An article in today’s Daily Beast (How Washington Dooms Millions of Americans to Premature Death by Nicholas Freudenberg) got my brain spinning about food, obesity, junk food, diabetes, the free market, corporate responsibility, politics, personal responsibility and how all this ‘stuff’ has come together to create an epidemic of lifestyle disease.
In his article, NF brings up a number of interesting facts:
- Chronic diseases cause 7 out of every 10 deaths in the United States
- 49% of Americans have one or more chronic diseases.
- In the United States, tobacco, alcohol and diet cause more than 1.2 million annual premature deaths from heart disease, stroke, cancer, diabetes, and other conditions.
- Chronic diseases account for $3 of every $4 spent on healthcare—about $1.5 trillion annually in the US of A.
So, how is it, that with all of this available data, the US spends less than 10% of total healthcare funding on health promotion / disease prevention?
- Is it because public health campaigns don’t work?
Nope….while cases of diabetes have increased 176% in the last 30 years, it is estimated that 8 million ‘premature deaths’ have been prevented thanks to anti-smoking PSAs combined with increased taxes on tobacco products.
Public health campaigns can work…if they are well designed, well funded and receive government support.

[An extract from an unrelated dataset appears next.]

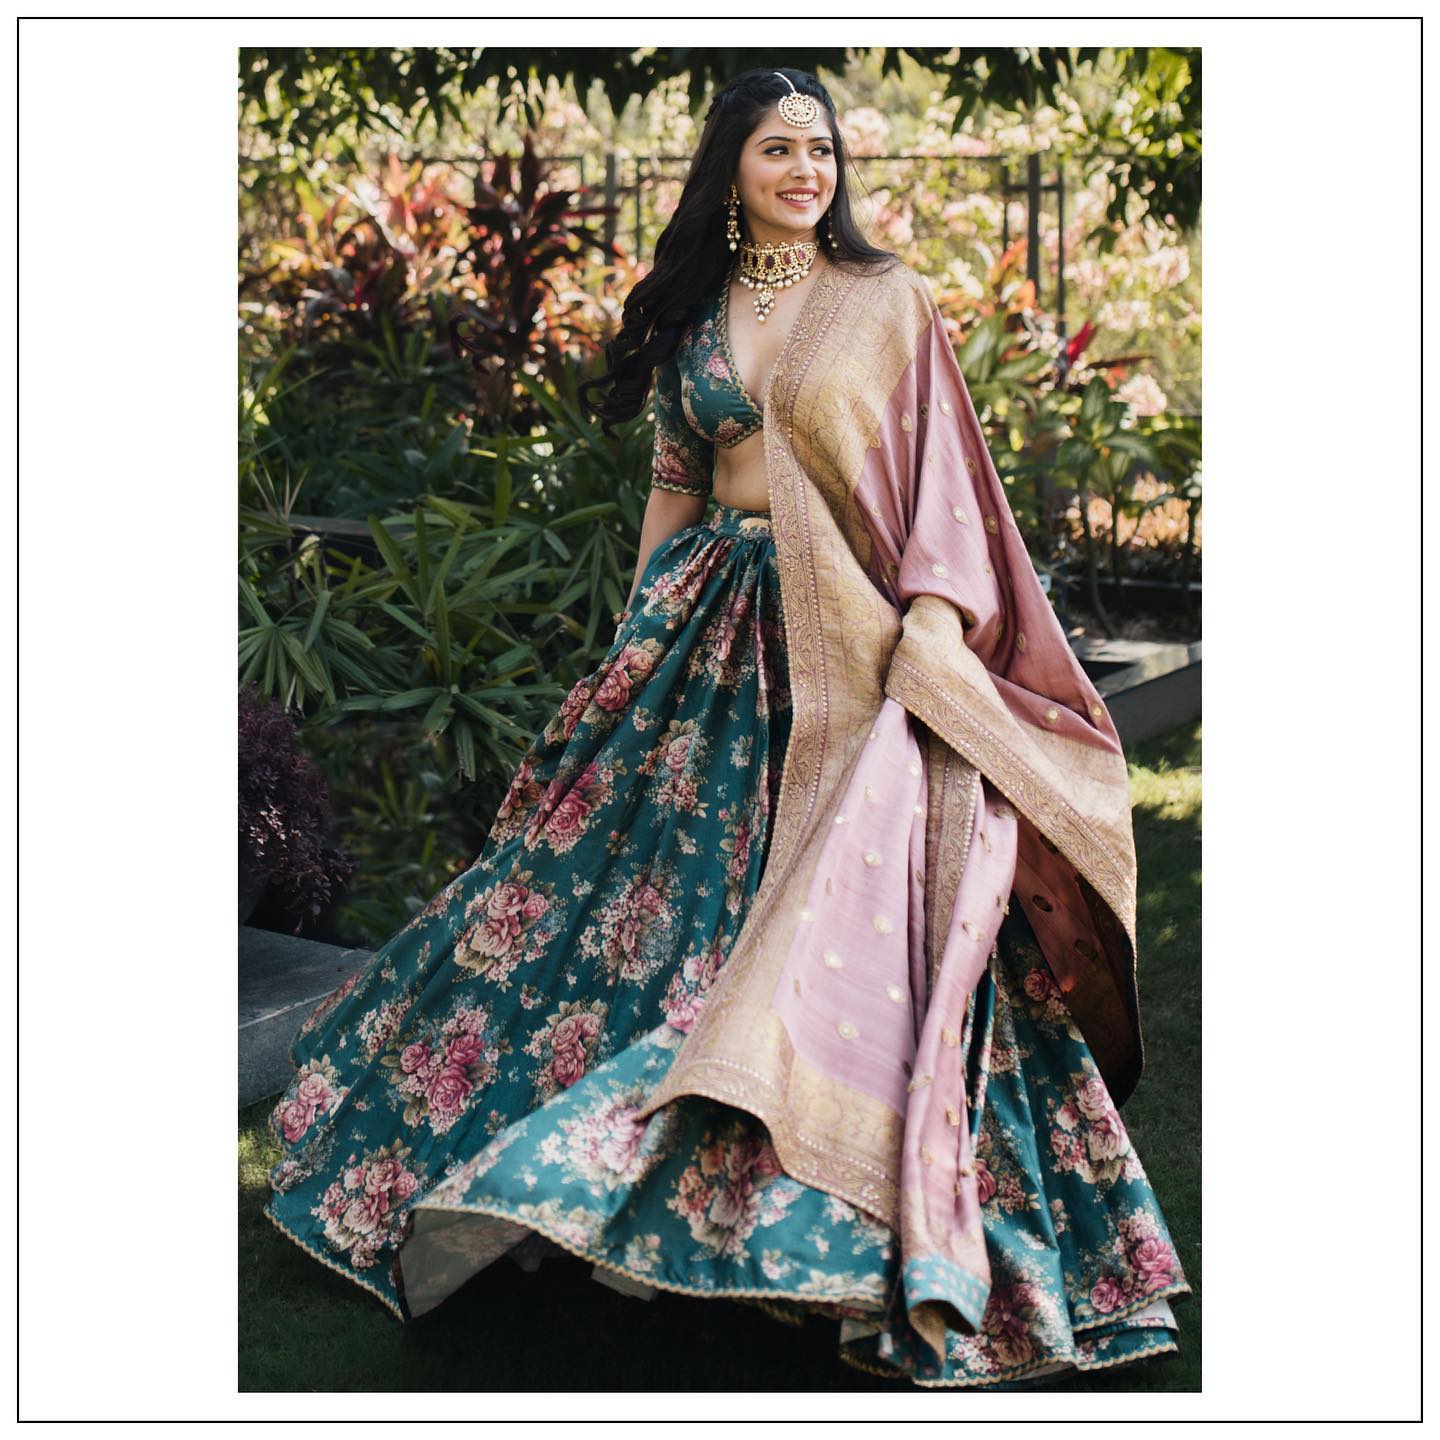 Amazon.com: Fashion_Dream Heavy Bridal Lehenga with Long Top Ready To Wear Designer  Lehenga Choli Sabyasachi Lehenga (Stitch) : Clothing, Shoes & Jewelry

So why isn’t that happening?
The simple answer is that big food corporations don’t want it to happen. They watched Big Tobacco get pummelled by public opinion AND public policy and are working hard to avoid the same fate.
By framing the food/disease debate as a matter of personal responsibility, not public policy, Big Food is shifting any & all responsibility for America’s lifestyle disease epidemic from their shoulders solely onto those of the consumer.
And while the consumer is ultimately responsible for the food they feed their family, this ‘free market’ argument conveniently ignores…
- the millions being spent lobbying government to prevent anti-Junk Food legislation
- the billions being spent marketing processed & junk foods to America’s adults & children.
- the mis-truths designed to convince consumers that this…
… should be included as part of a healthy, balanced diet.
In his Daily Beast article, Nicholas Freudenberg goes on to question “what public policy approaches could make it harder for corporations to profit at the expense of public health?”
He argues that food corporations should be forced to disclose what they know about the health effects of their products to help the consumer make an informed purchase
He argues that we need a better balance between the constitutional protection of commercial speech and a corporation’s responsibility not to misrepresent the health benefits of their products.
But here’s where it gets interesting for me.
Freudenberg argues that the “success of the fast food, gun, pharmaceutical and other industries in getting Congress to limit the rights of injured consumers to file class action lawsuits are steps in the wrong direction.”
- If Ford sells a car that results in the death of it’s customers…lawsuit.
- If a public company lies to their shareholders…lawsuit.
- If a company pollutes the surrounding groundwater…lawsuit.
- If a company sells a product that they know to be potentially carcinogenic (hint hint — tobacco)…lawsuit.
- If an individual sells marijuana on the street…jail time.
What about companies that sell products which cause diabetes? Or cancer? Or heart disease? Or depression? Or autism? Or even something as minor as allergies, obesity, skin rashes, etc?
What about those companies?
What does it say about our democratic, free market based society that some of us make a LOT of money selling harmful products…and the harmed individuals have next to no legal recourse.
Doesn't sound very free…or democratic to me.